[edit]
Investigating RNA splicing as a source of cellular diversity using a binomial mixture model
Proceedings of the 18th Machine Learning in Computational Biology meeting, PMLR 240:163-175, 2024.
Abstract
Alternative splicing (AS) contributes significantly to RNA and protein variability yet its role in defining cellular diversity is not fully understood. While Smart-seq2 offers enhanced coverage across transcripts compared to 10X single cell RNA-sequencing (scRNA-seq), current computational methods often miss the full complexity of AS. Most approaches for single cell based differential splicing analysis focus on simple AS events such as exon skipping, and rely on predefined cell type labels or low-dimensional gene expression representations. This limits their ability to detect more complex AS events and makes them dependent on prior knowledge of cell classifications. Here, we present Leaflet, a splice junction centric approach inspired by Leafcutter, our tool for quantifying RNA splicing variation with bulk RNA-seq.
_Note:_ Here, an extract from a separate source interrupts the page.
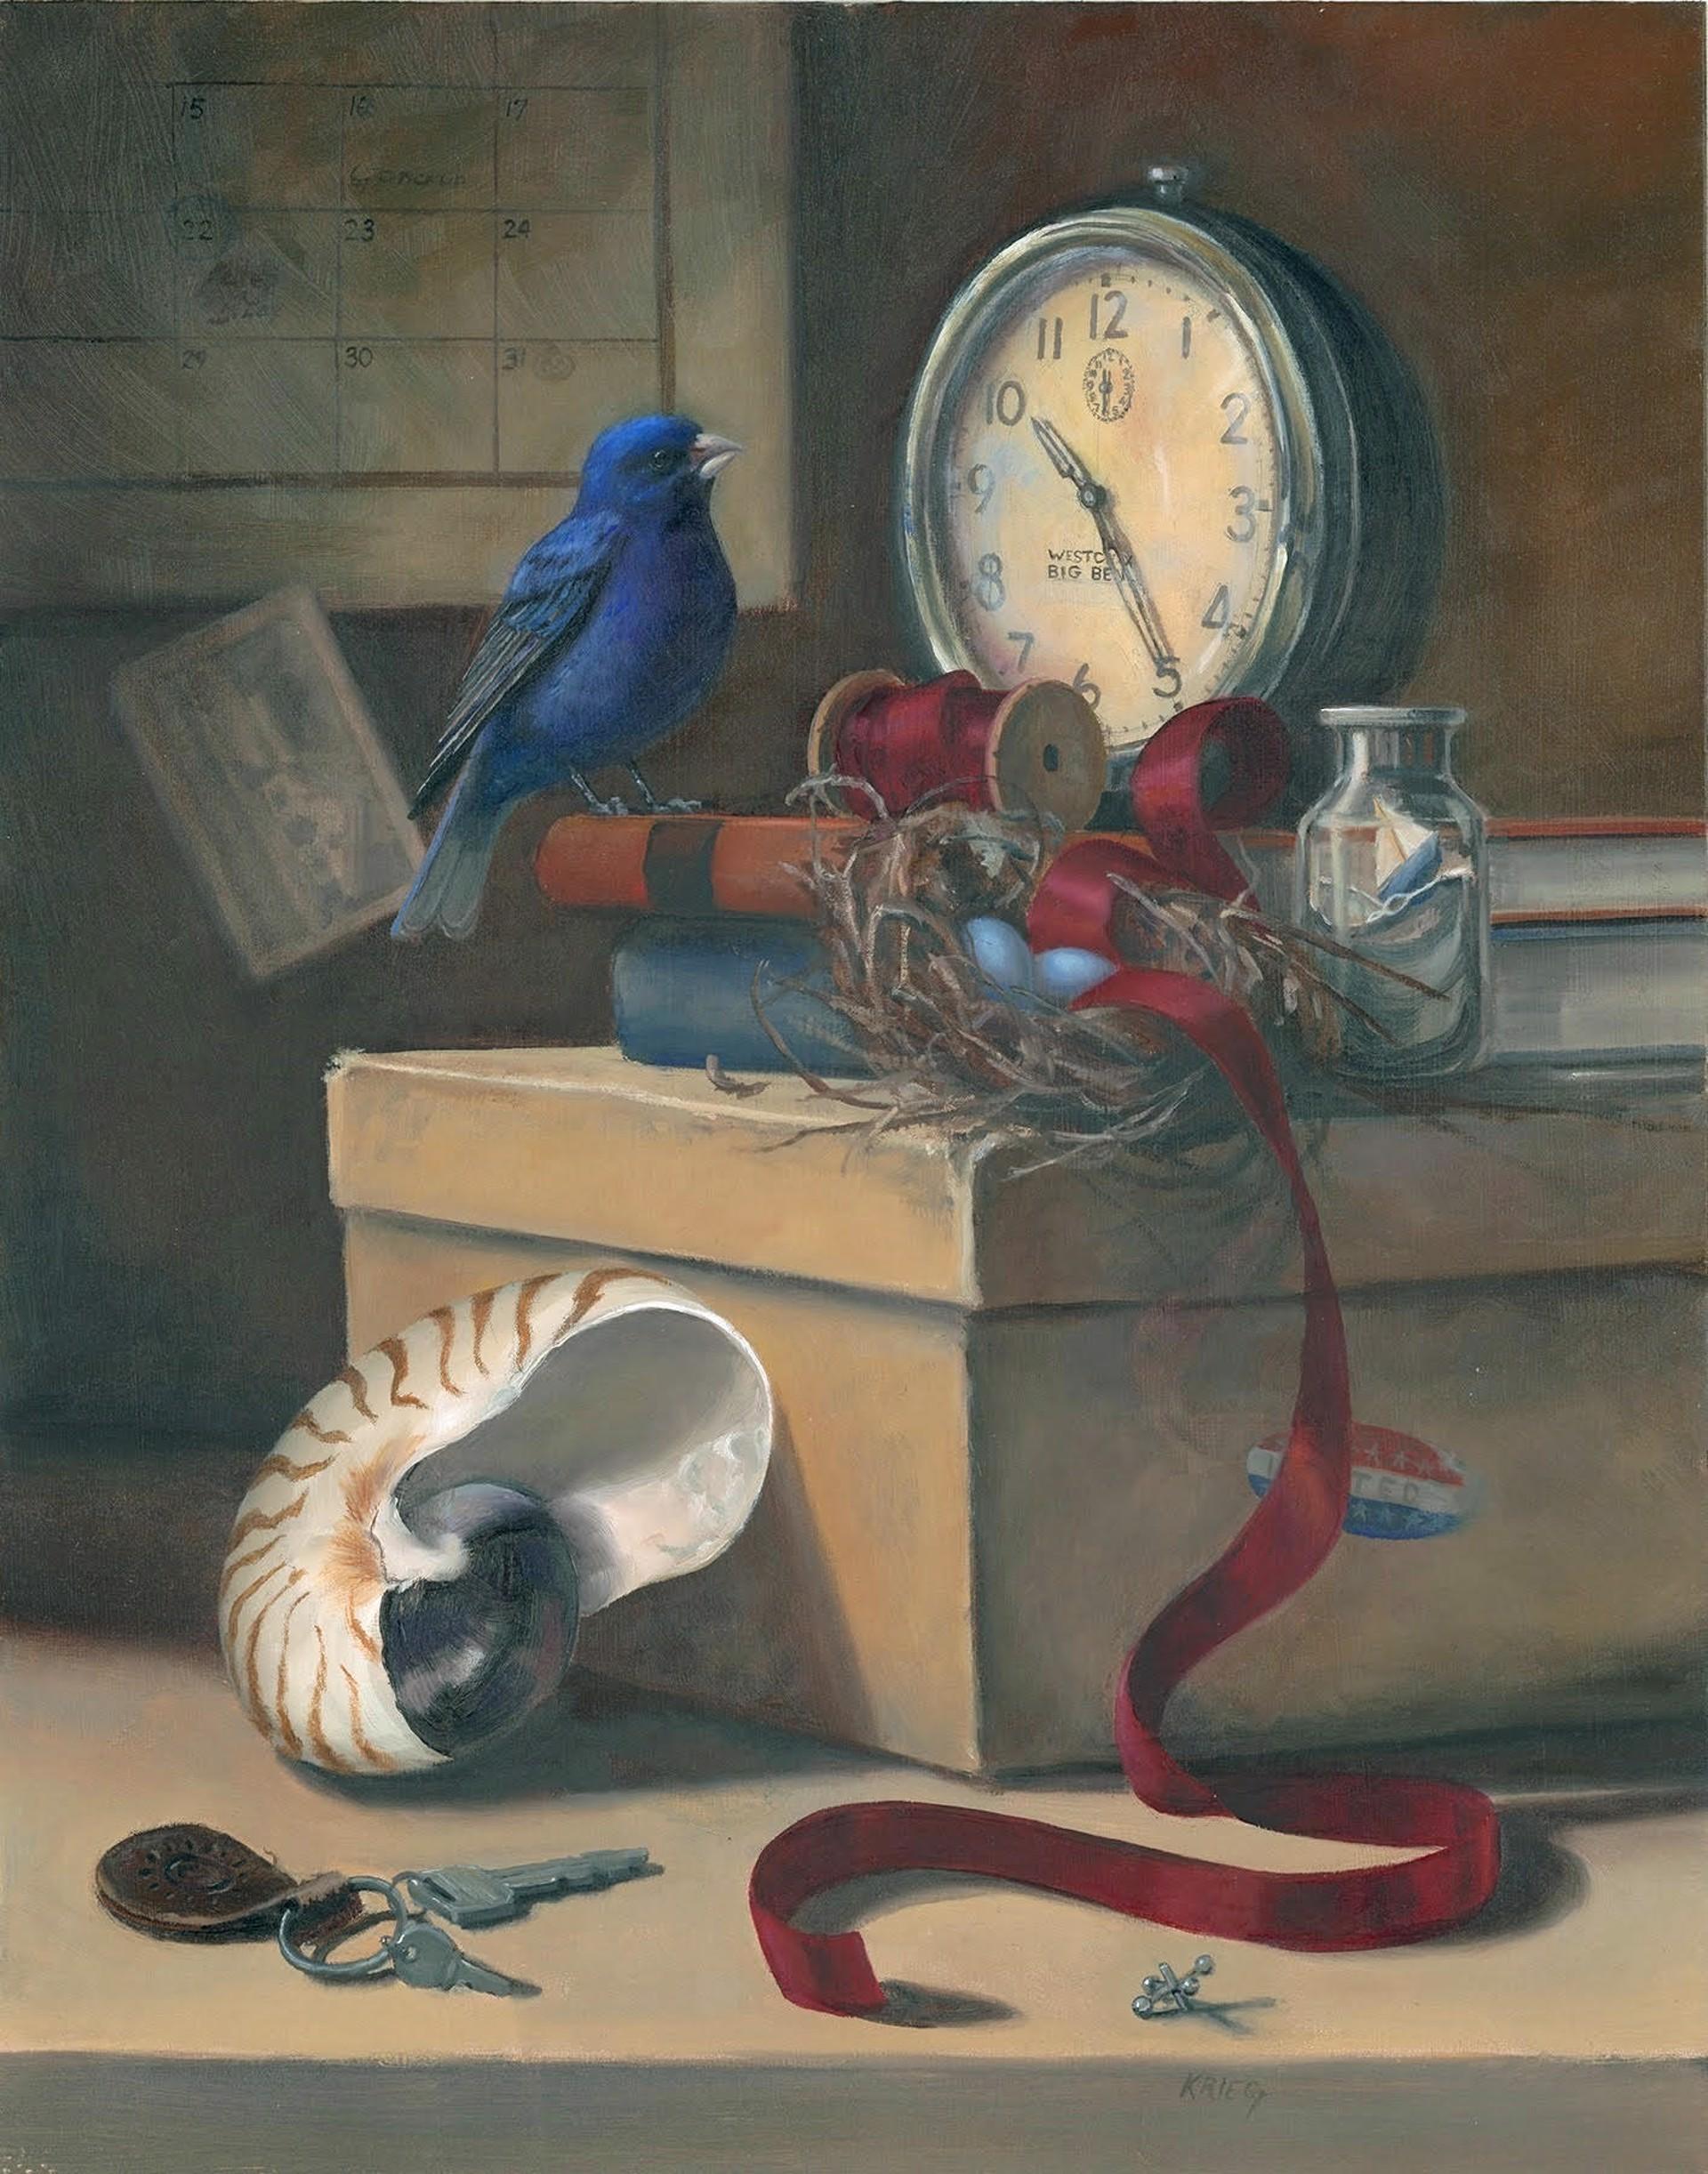 Time Capsule by Katharine Krieg

Leaflet is a probabilistic mixture model designed to infer AS-driven cell states without the need for cell type labels. We detail Leaflet’s generative model, inference methodology, and its efficiency in detecting differentially spliced junctions. By applying Leaflet to the Tabula Muris brain cell dataset, we highlight cell-state specific splicing patterns, offering a deeper insight into cellular diversity beyond that captured by gene expression alone.